I have a wonderful fully grown daughter who is my best friend and who has brought nothing but joy to my life, she is now my inspiration as much as she insists I am hers. We are incredibly close, we run like two parts of a whole, pre-empting, understanding without words, getting things done, it’s perfect synergy and we love it. We know that when she graduates this year that our bond in terms of physical closeness will be broken as she leaves to pursue her life but our spiritual and emotional bond is sealed forever and then some.

We both take mothering roles when it comes to the smallest family member … whose hormones are fiercely contesting that position at the moment as his teen growth spurt is in full flourish and he seems to grow taller and thinner each day. He’s almost at his sister’s height and will soon be over taking me. He is so talented, he has a musical gift, he can pick up any instrument and play. He is uber sweet for a teenage boy, his triple dimples are to die for and his thick, shiny, black, curly, long eyelashes (he still knows when to flutter them) continue to melt our hearts and are nearly as irresistible as his gorgeous curly black hair. We guide him on the right path and fortunately he responds, reprimanding him would be impossible with that still cute baby face that we see when we look at him.

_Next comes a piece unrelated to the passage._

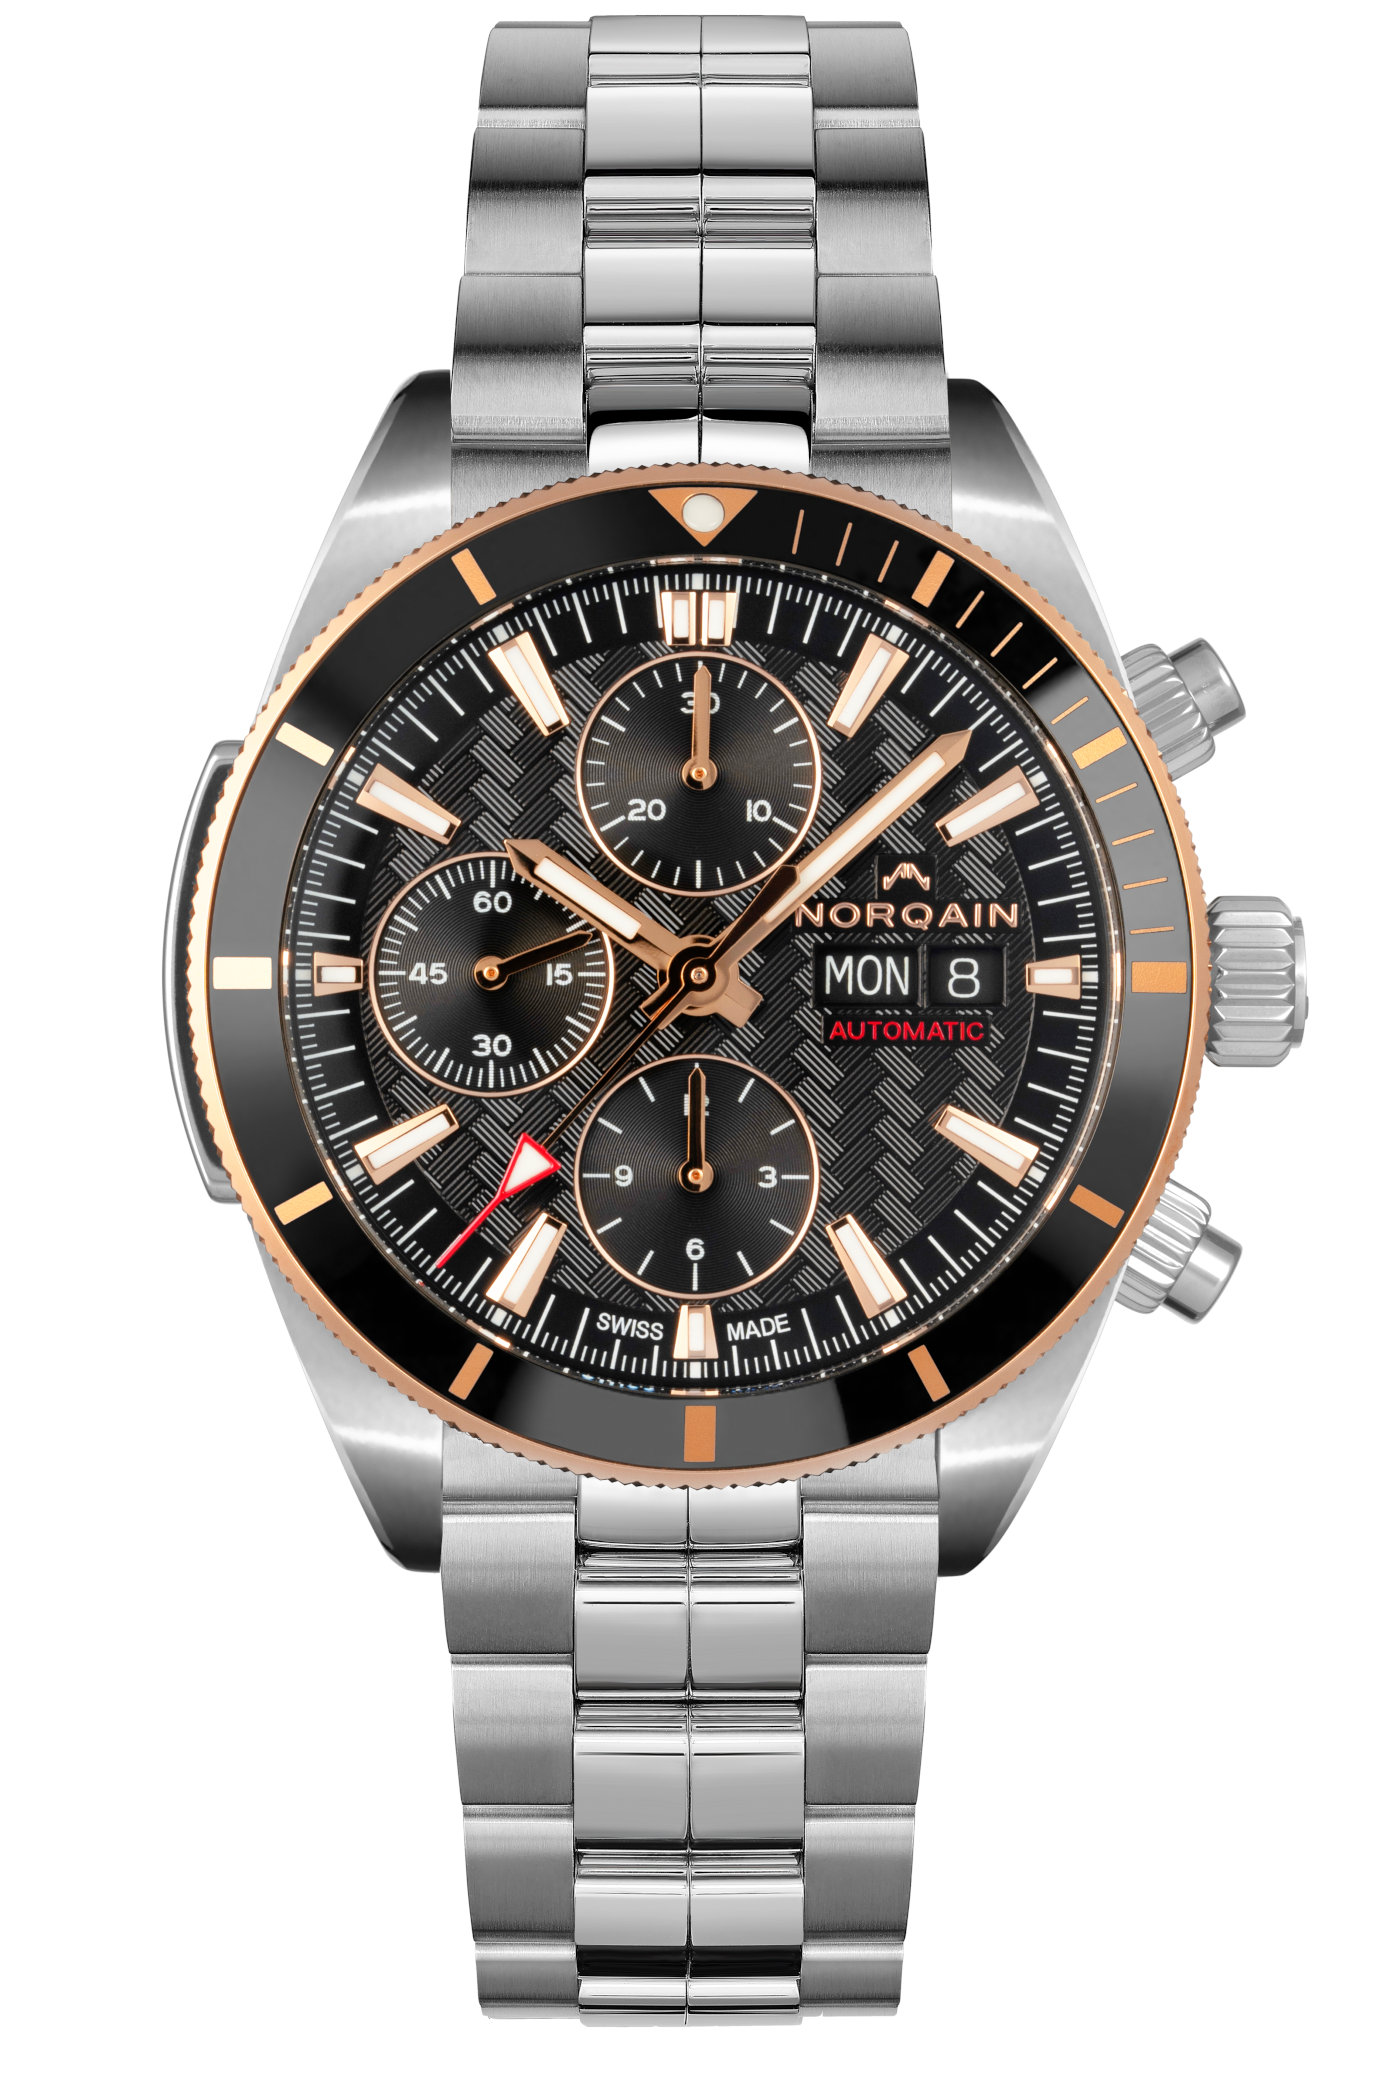 Norqain Adventure Sport Chrono Day-Date two-tone steel & gold - 6

My children are my joy, they bring laughter, love, light and happiness into my life every day. They are wise, sensible and caring. I am ultra proud of them and I will gush about them from time to time. What I love most is how much they love each other, it warms my heart to hear them tell one another frequently, it’s not uncool and I hope it never will be.

However they are not my whole life, I do have some time and space for me and that’s always been important. I’ve managed to pursue relationships (needs a blog of its own) and a career while I’ve been their mum and it has taken some blood sweat and tears and devotion as well as a lot of stress, frustration and the odd moment of beating myself up wondering if I’ve got the balance right now and then.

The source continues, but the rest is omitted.